Jueves 01 de marzo de 2012
En México se respira un aire de zozobra: ¿quién ganará las elecciones presidenciales de julio próximo? ¿Qué partido político tendrá mayoría en el futuro congreso federal? ¿Qué pasará con la delincuencia organizada? ¿La violencia disminuirá en el norte o se extenderá por todo el territorio mexicano?
Si bien la democracia por naturaleza debe ser incertidumbre en el resultado, no lo debe ser en el procedimiento. En México, la confusión en materia electoral es tan grande, que los legisladores que hicieron la ley de la materia no la entienden y acuden y reclaman al organizador de las elecciones (Instituto Federal Electoral) que les aclare el contenido de la ley. Dentro de la confusión, hay por lo menos algo claro: que muchos legisladores mexicanos no saben Derecho, no tienen sentido común y no saben de técnica legislativa.
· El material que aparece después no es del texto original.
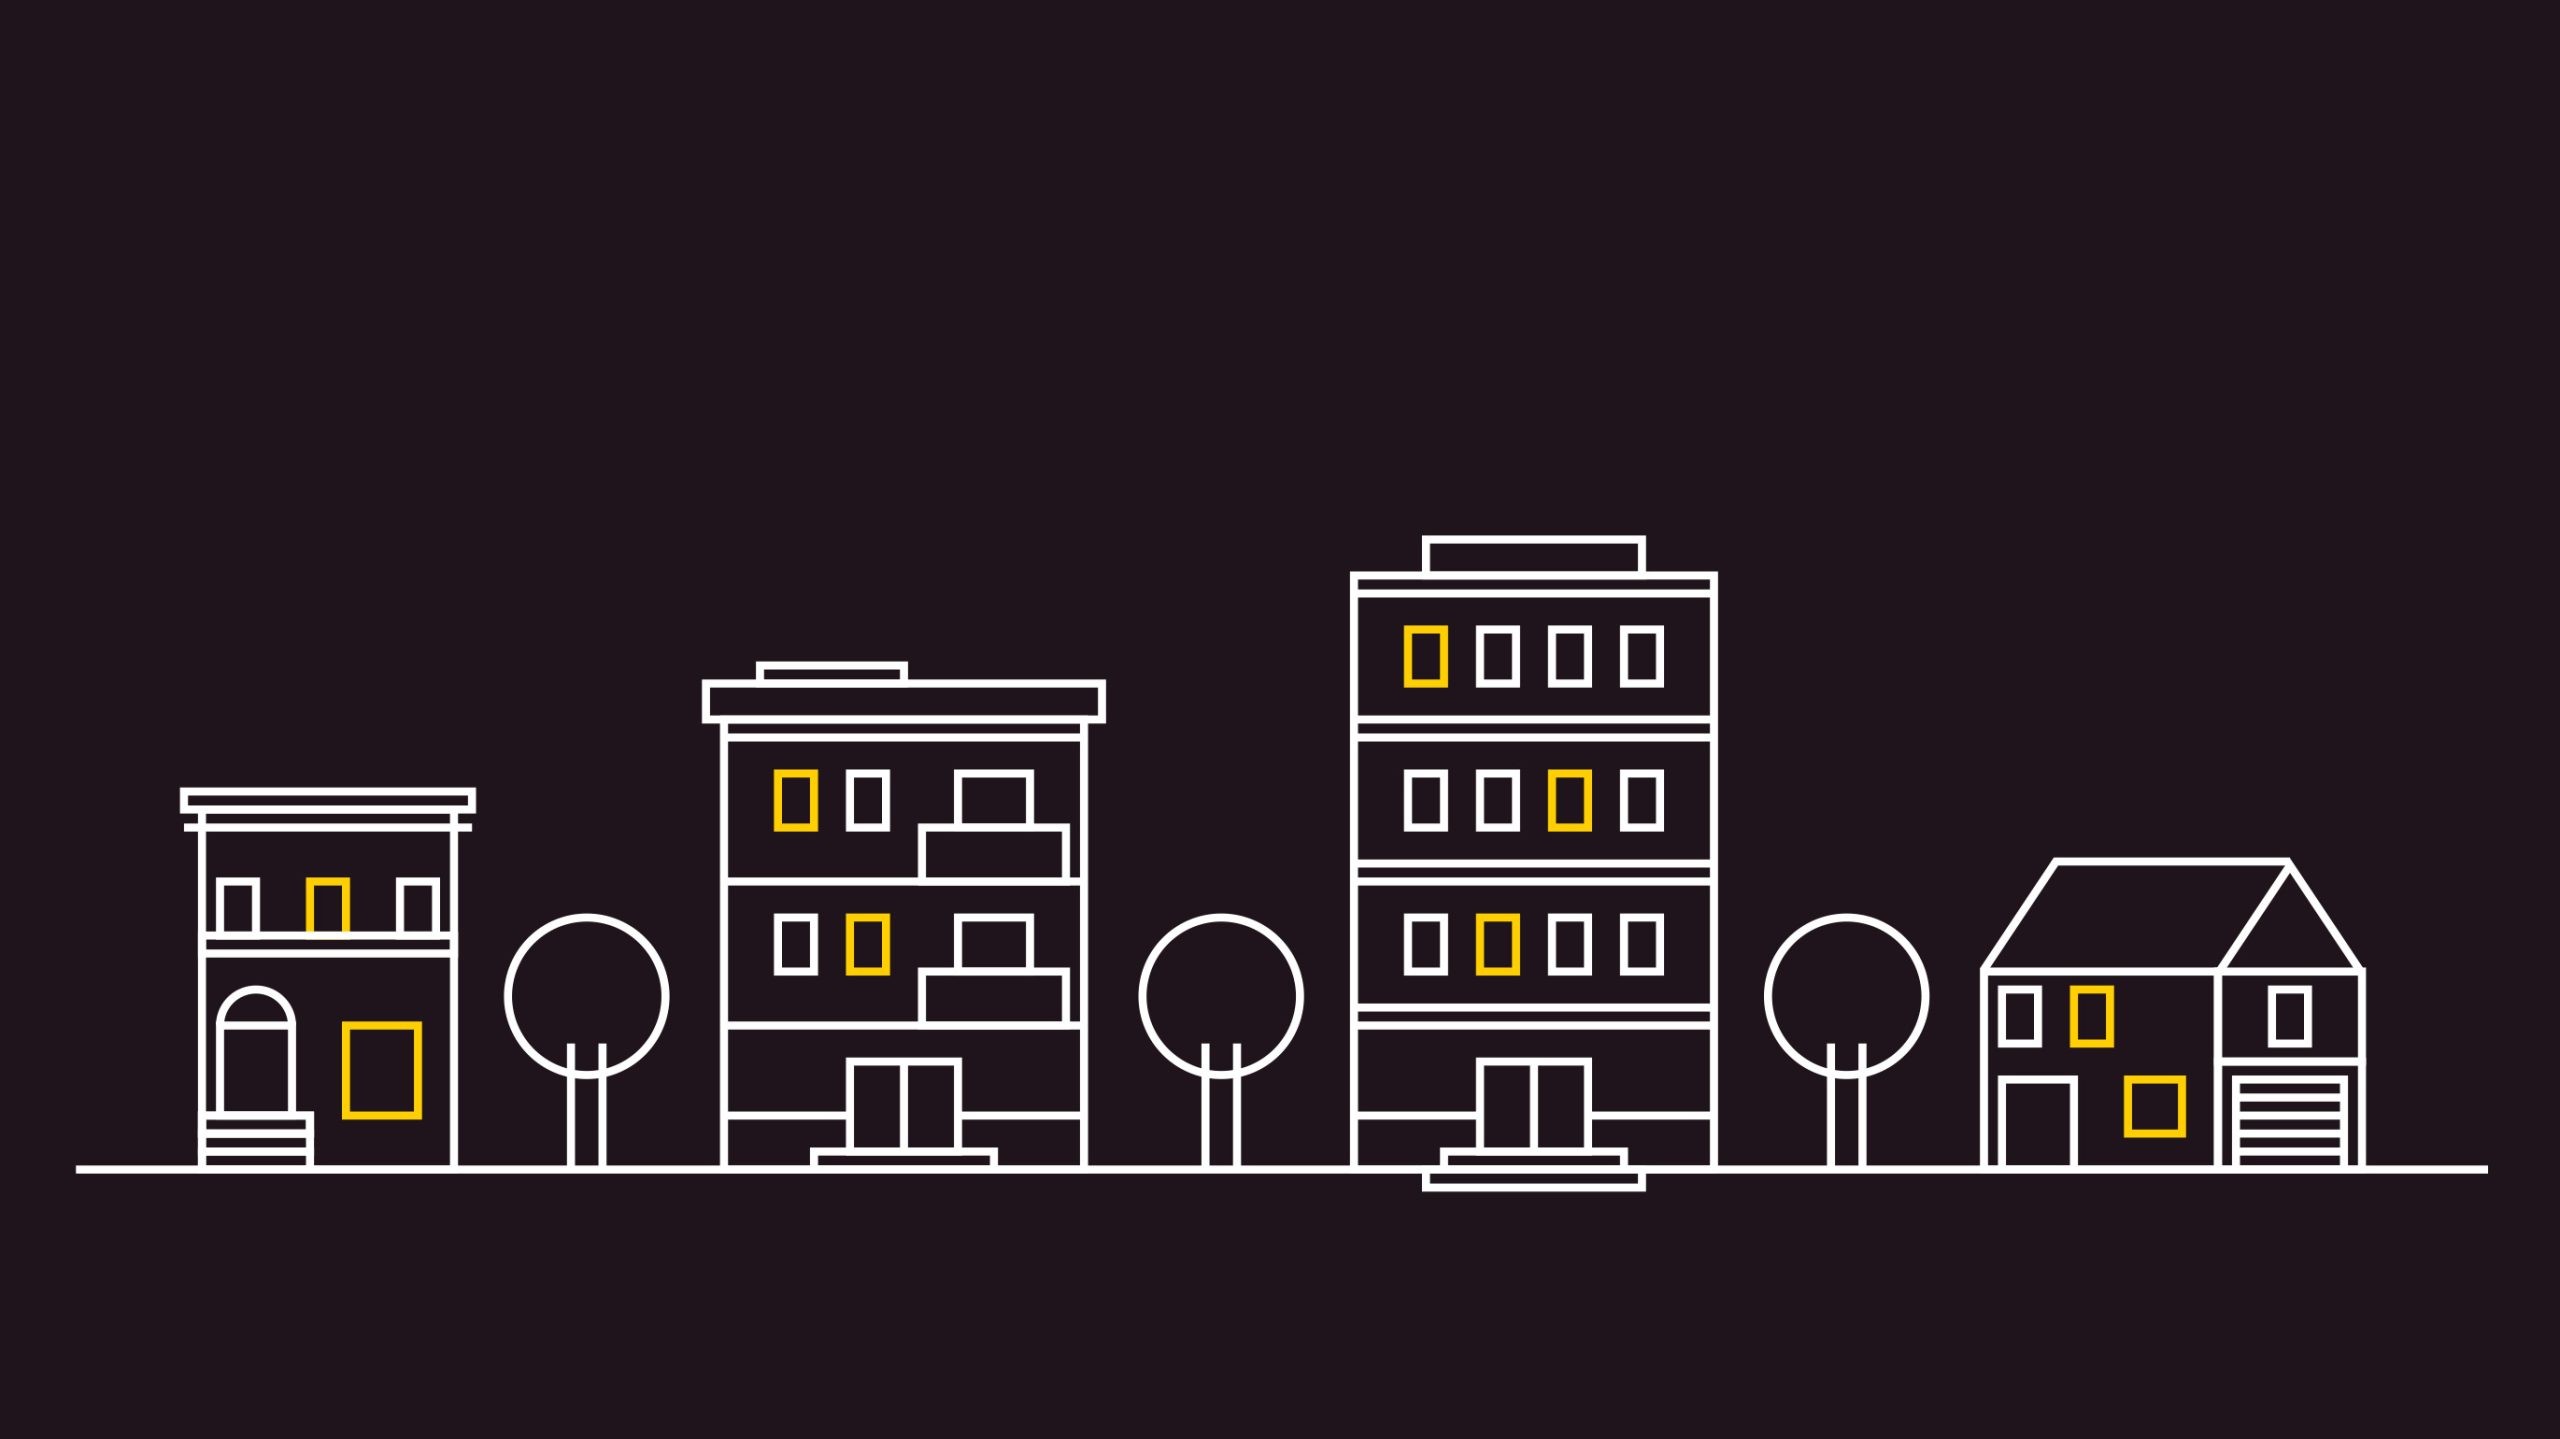 Captura del video animado de Lisbak donde se ve un skyline con viviendas

Así las cosas, los próximos meses los ciudadanos mexicanos vivirán un auténtico bombardeo propagandístico. En vez de extender el panorama de cultura y educación, en México la gente oirá y verá durante las siguientes 18 semanas propuestas populistas, demagógicas y unas cuantas inteligentes para votar por los mejores o quizá por los menos malos. Por otra parte, nada muy distinto de lo que ocurre en tantas democracias.